Scaling up Complexity beyond Capacity Expansion

We believe AZAD’s positioning is gradually evolving, and importantly, in the right direction. From what we see, the company is not just adding capacity, but moving towards more complex, mission-critical components. The focus on areas like hot-section parts - where global competition is limited - indicates a clear move up the value chain.
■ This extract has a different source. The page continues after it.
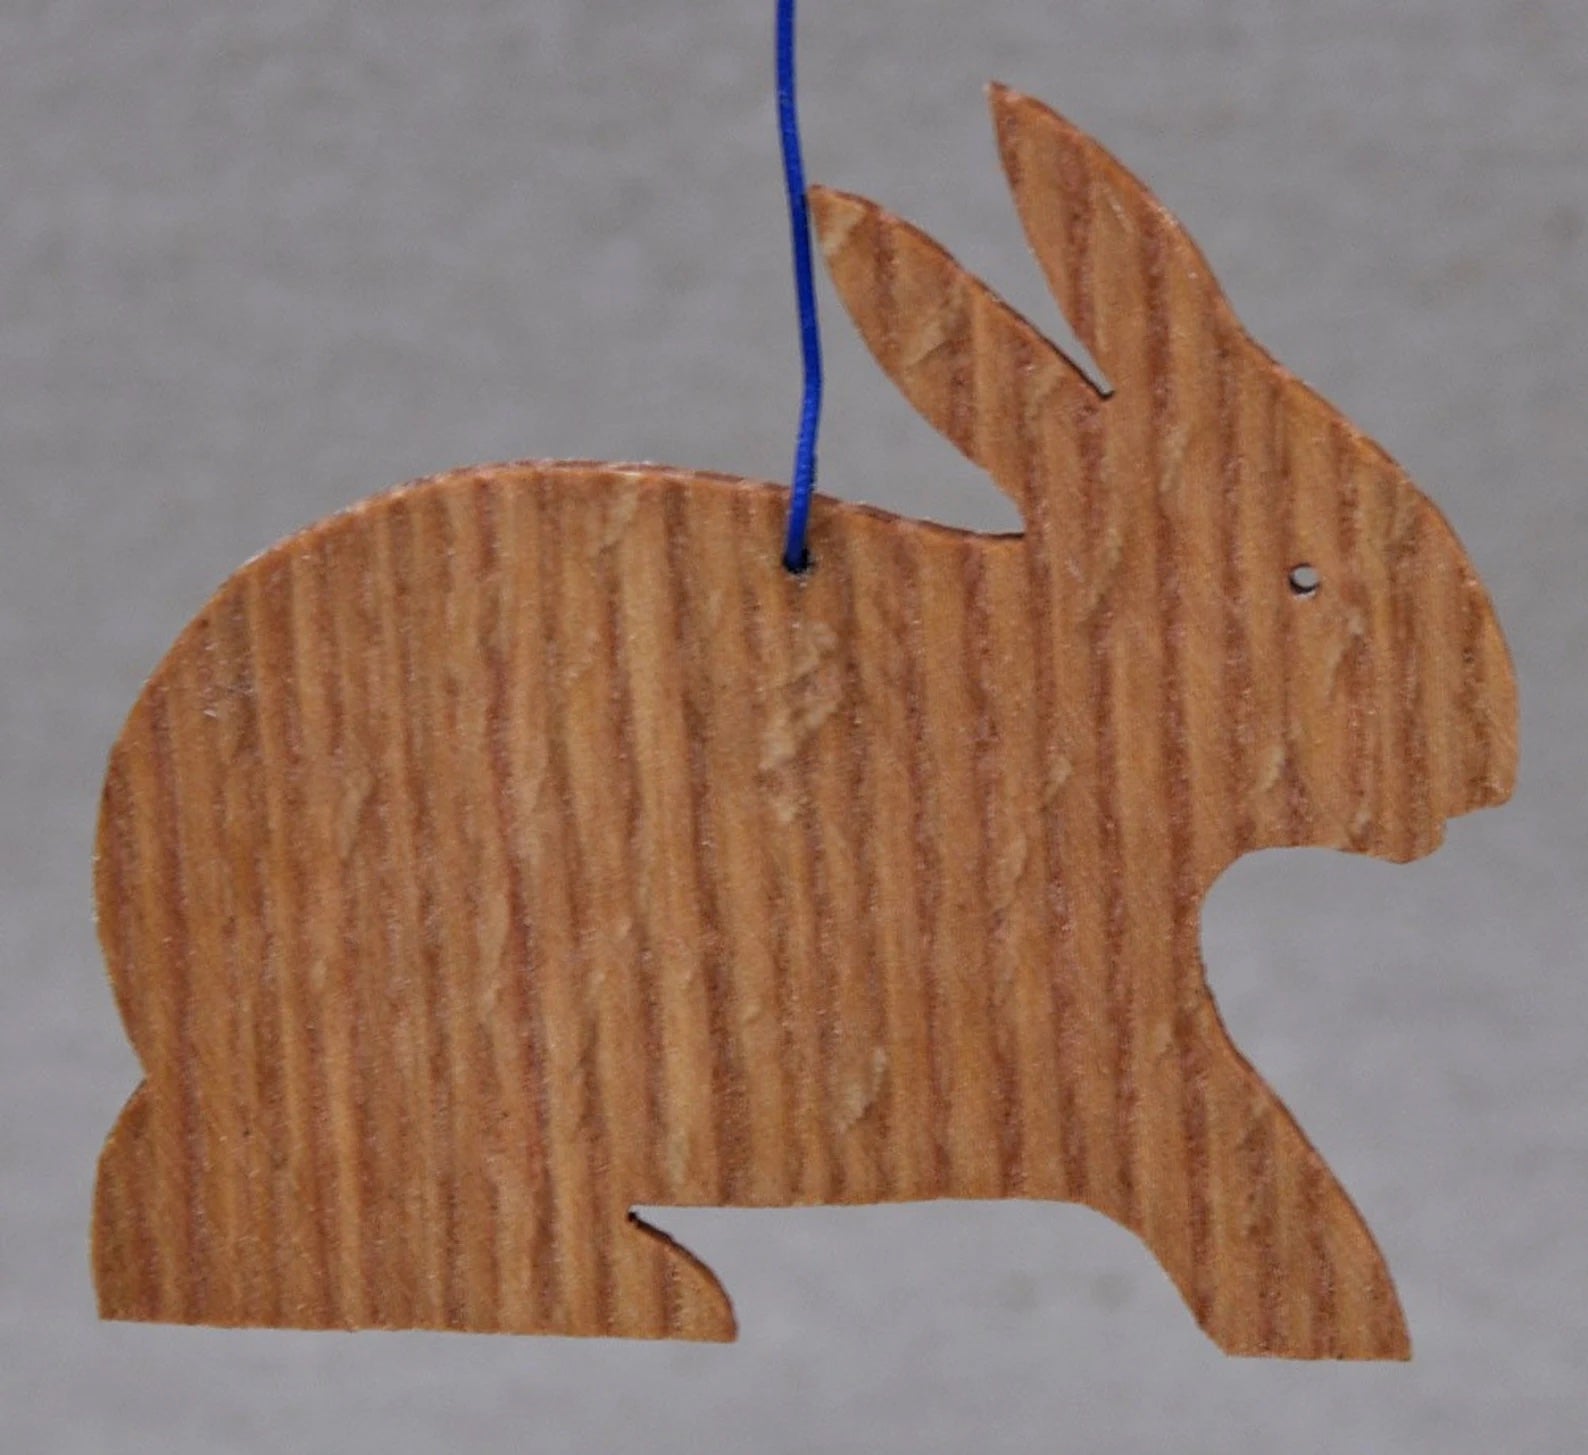 Rabbit wooden ornament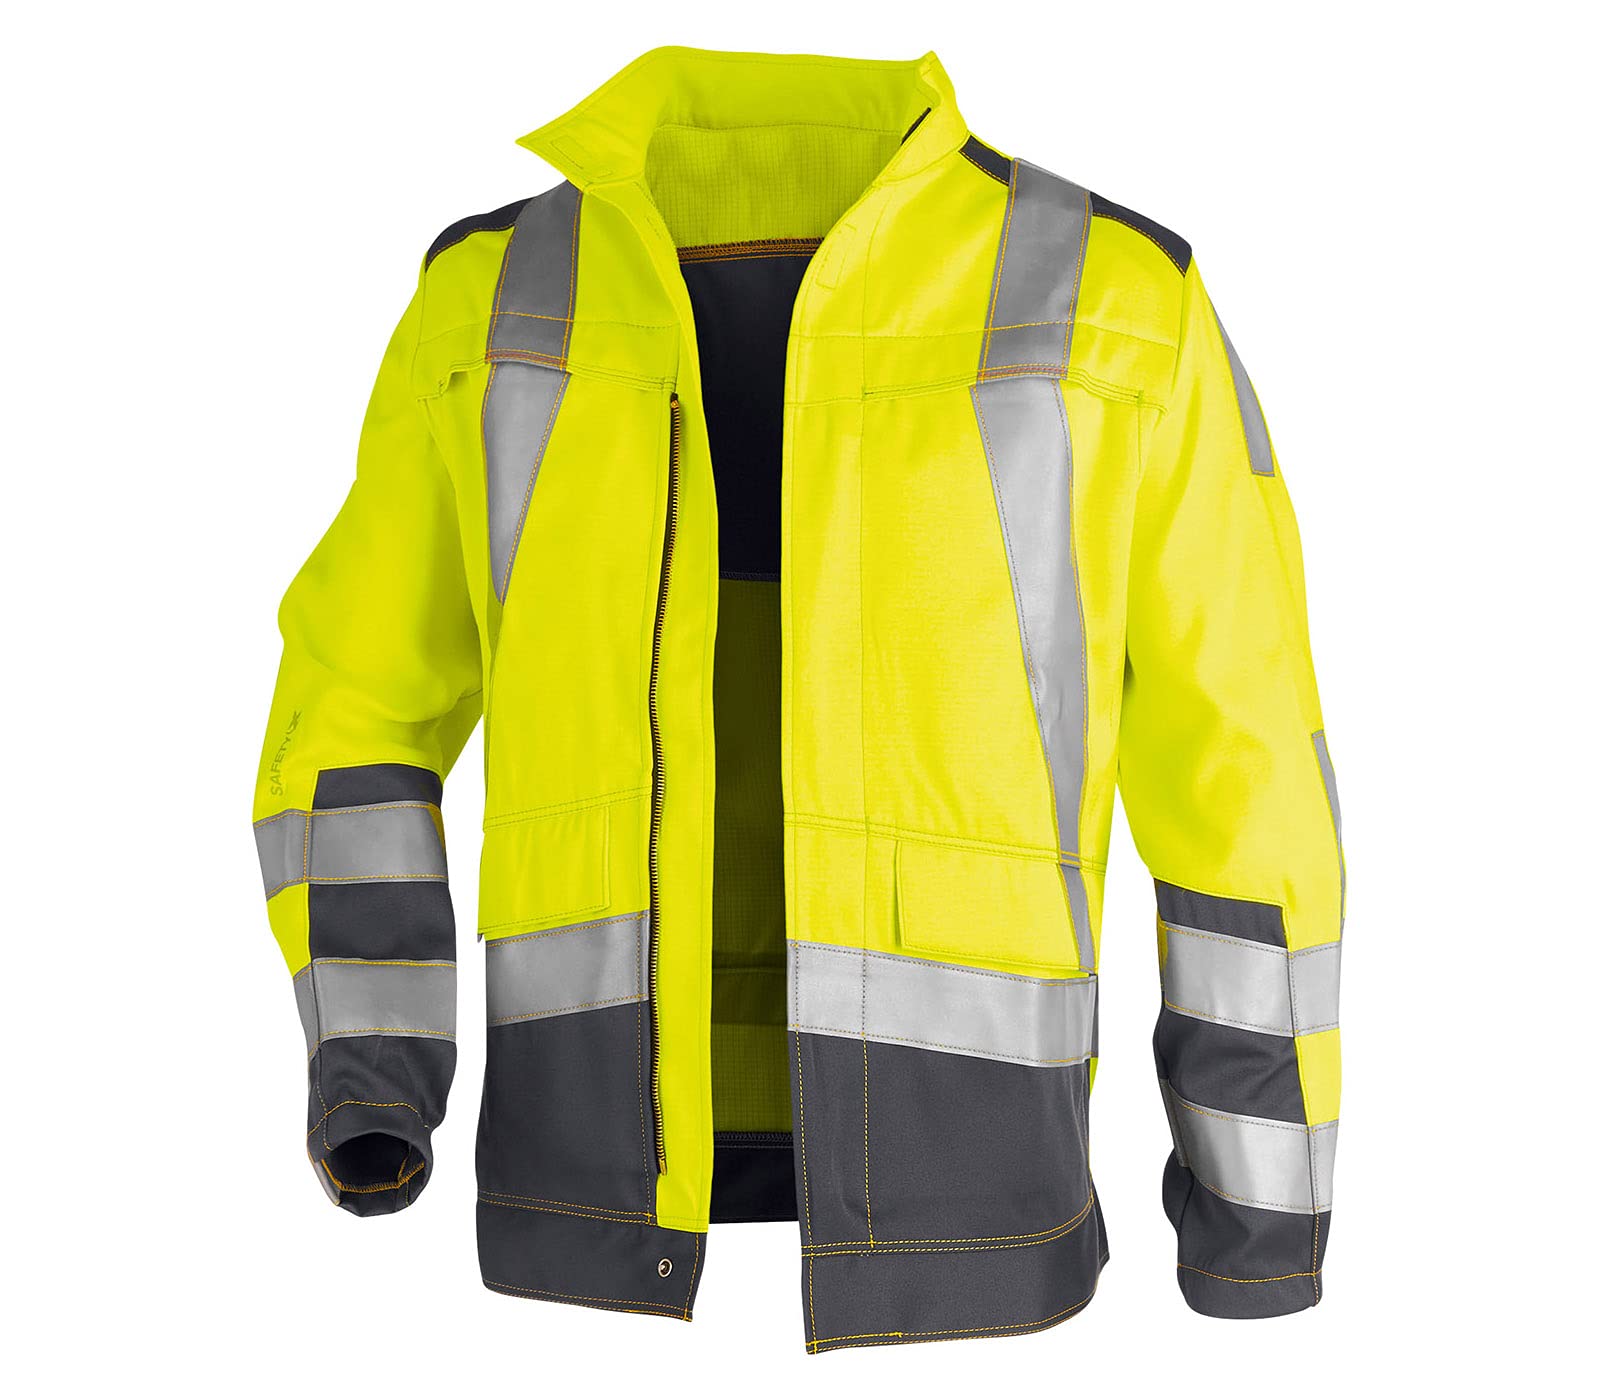 KÜBLER Workwear KÜBLER SAFETY X Arbeitsjacke warngelb, Größe 46, Herren-Arbeitsjacke aus Mischgewebe, zertifizierte Arbeitsjacke

In our view, this is where the real differentiation lies. These are not easy capabilities to build, and once established, they tend to drive better margins and stronger client stickiness. While disclosures remain limited at this stage, the direction of travel is clearly towards higher-value participation.

That said, the next phase is likely to be more about execution than expansion. With multiple plants already set up or ramping up, and inventory built ahead of demand, the key question now is conversion. From FY27 onwards, we expect a shift from investment phase to revenue and cash flow generation.

The ~INR 65,000 Mn order book provides visibility, but in our view, the real inflection depends on efficient transition to a utilisation-led growth cycle. Interestingly, despite a strong backlog, management continues to guide for a measured ~25% growth, which we read as calibrated scaling rather than aggressive ramp-up.

From a valuation perspective, we are factoring in this moderated near-term growth trajectory. Post the recent sharp rally, we downgrade the stock to REDUCE (from BUY), while maintaining our TP of INR 1,900 (45x FY28E EPS).

Miss on Topline, Margin Performance Broadly in line

* Revenue for Q4FY26 grew 27.3% YoY and 1.8% QoQ to INR 1,615 Mn (vs CIE est. INR 1,714 Mn)

* EBITDA for Q4FY26 rose 34.5% YoY but declined 1.4% QoQ to INR 613 Mn (vs CIE est. INR 654 Mn). EBITDA margin stood at 38.0%, up 204 bps YoY and down 124 bps QoQ (vs CIE est. 38.2%)

* PAT for Q4FY26 increased 48.4% YoY and 6.0% QoQ to INR 368 Mn (vs CIE est. INR 386 Mn). PAT margin expanded 324 bps YoY and 91 bps QoQ to 22.8% (vs CIE est. 22.5%)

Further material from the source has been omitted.